Эннкетин, с усилием проглотив солёный ком, спросил глухо:
— Какие будут распоряжения, ваша светлость?
Лорд Дитмар устремил на него странный, задумчиво прищуренный взгляд.
— Эгмемон хотел, чтобы его место занял ты. Что ж, не будем противоречить его желанию. С этого дня ты будешь исполнять обязанности дворецкого, Эннкетин. Думаю, ты с этим справишься, Эгмемон неплохо тебя обучил.
Эннкетин поклонился.
— Для меня это честь, милорд. Может быть, второго Эгмемона из меня не выйдет, но я буду стараться в меру своих сил.
— Эгмемон ничего не говорил тебе, не давал никаких распоряжений на случай своей смерти? — спросил лорд Дитмар.
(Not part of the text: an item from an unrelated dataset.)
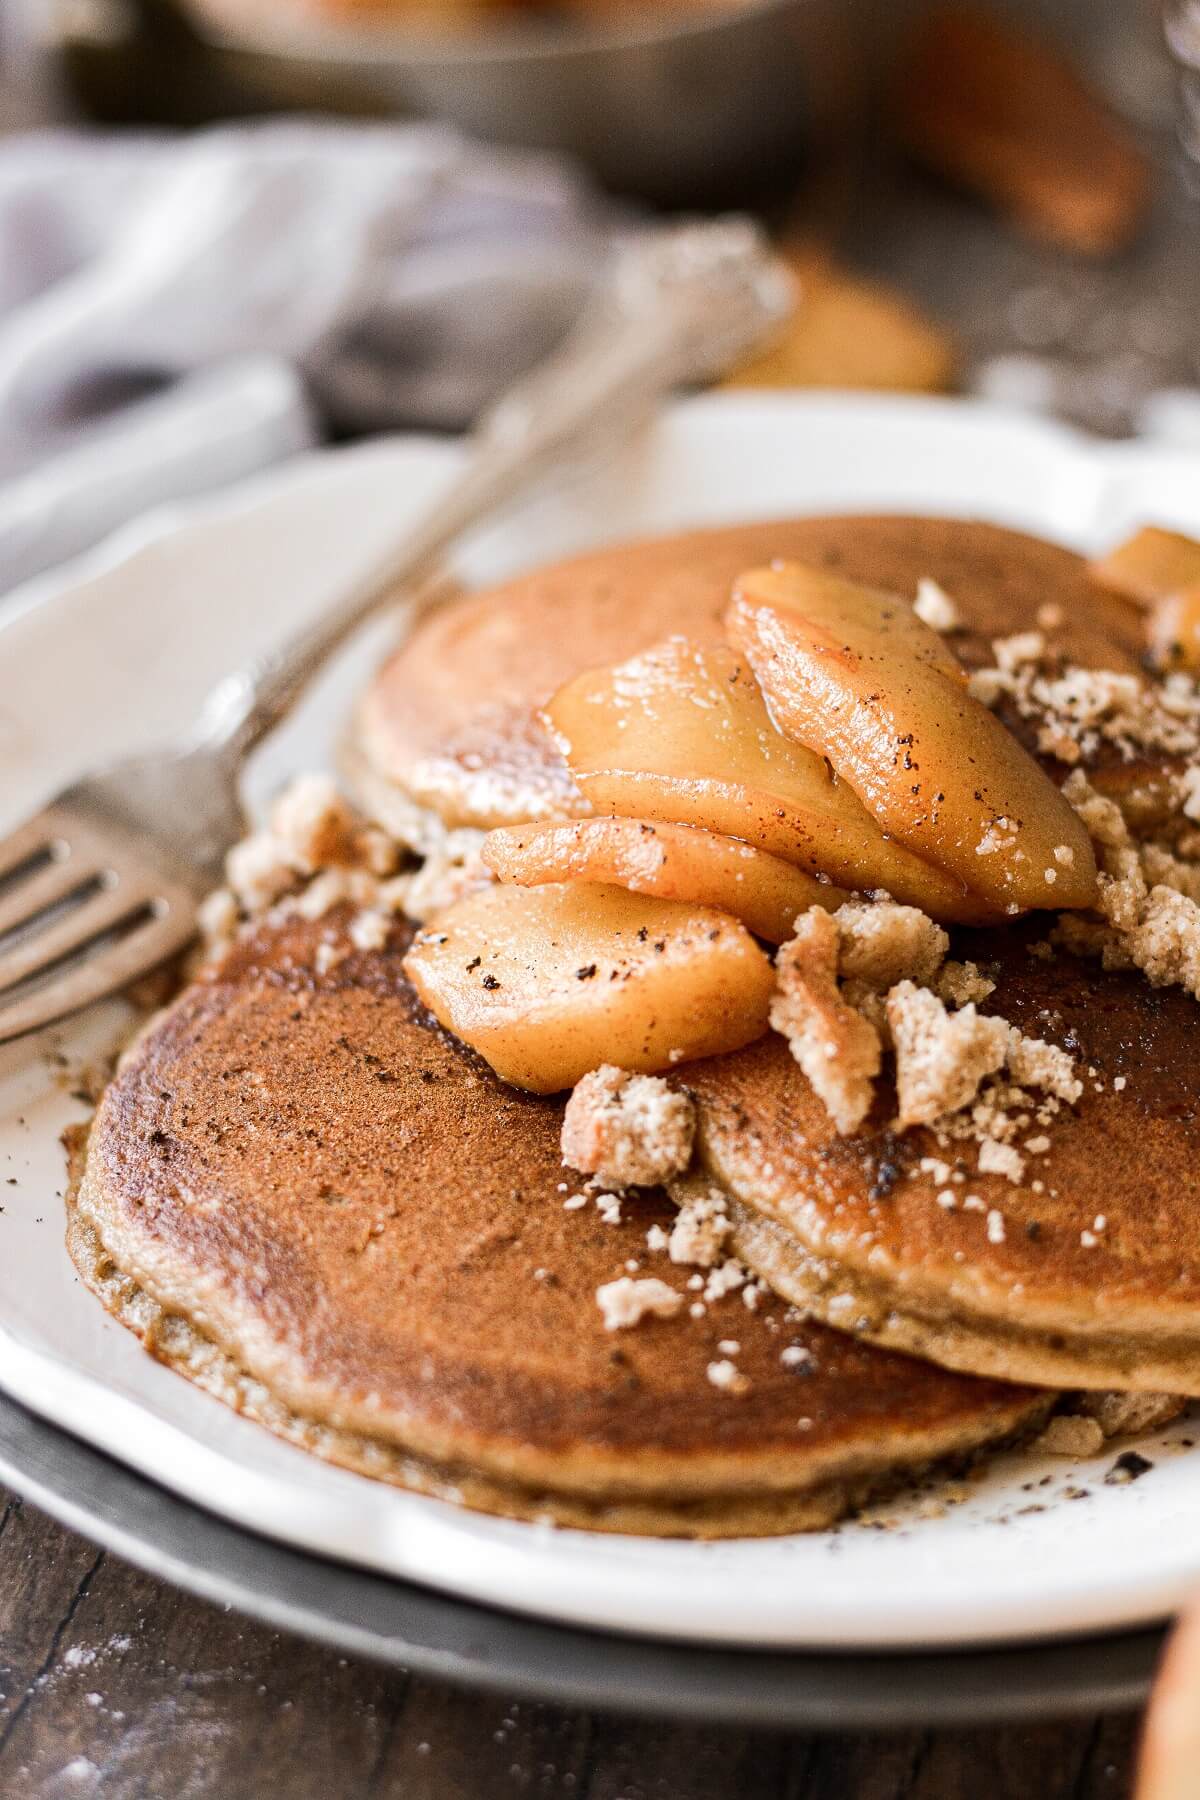 Apple cider pancakes topped with cinnamon apples.

— Да, я припоминаю это, милорд, — сказал Эннкетин. — Он сказал мне, где он хранит свои сбережения, и велел взять оттуда на его похороны. Он пожелал быть кремированным… Это недорого и не слишком хлопотно.
Лорд Дитмар вздохнул.
— В этом весь Эгмемон… Он всегда старался доставлять как можно меньше хлопот и приносить как можно больше пользы. Он был так привязан к этому дому, что мне кажется неправильным помещать его прах на удалённом отсюда кладбище. Думаю, никто не будет против, если его прах упокоится здесь, рядом с нами и с этим домом, которому он отдавал всего себя. Эннкетин, свяжись с похоронным бюро, закажи кремацию и маленький склеп для одной погребальной урны. Пусть его установят в саду.
Эннкетин поклонился.
— Будет сделано, ваша светлость.
— Его сбережениями распорядись так, как он тебе завещал, — сказал лорд Дитмар. — Раз уж он назначил тебя своим душеприказчиком, пусть так и будет.
Джим поднял залитое слезами лицо и спросил:
— Милорд, вы останетесь сегодня дома?
Лорд Дитмар вздохнул, поцеловал его лоб, вытер ему щёки и нежно ущипнул за подбородок.
— Я бы хотел остаться сегодня, мой милый, но никак не могу: у нас в академии сейчас экзамены, я возглавляю комиссию, как всегда, — сказал он. — Но постараюсь вернуться к обеду. Похоронами нашего дорогого Эгмемона займётся Эннкетин. Эннкетин, надеюсь на тебя.
Новый дворецкий снова поклонился.
— Не извольте беспокоиться, ваша светлость. Всё будет сделано надлежащим образом. Полагаю, завтрак уже готов, в ванной всё для вас приготовлено, ваши костюмы тоже.
Лорд Дитмар принял душ, а Джим умылся. Эннкетин высушил лорду Дитмару его совсем поседевшие волосы и собрал их со лба и висков под заколку, Джиму уложил венок из косы, подал господам их одежду и пошёл накрывать на стол. Отвечая на вопрос лорда Дитмара насчёт распоряжений Эгмемона, он не упомянул, что тот наказал ему купить всем хозяевам небольшие прощальные подарки, которые должны были быть вручены им сразу после похорон. Да, и такое распоряжение дал Эгмемон, только тогда Эннкетин не воспринял этого всерьёз. Теперь он вспомнил его наказы, и у него снова встал в горле солёный ком.
Спустившись на кухню, он спросил Кемало:
— Ну, что завтрак? Господа уже ждут.
— Всё готово, — ответил повар. — Сегодня ты подаёшь, что ли?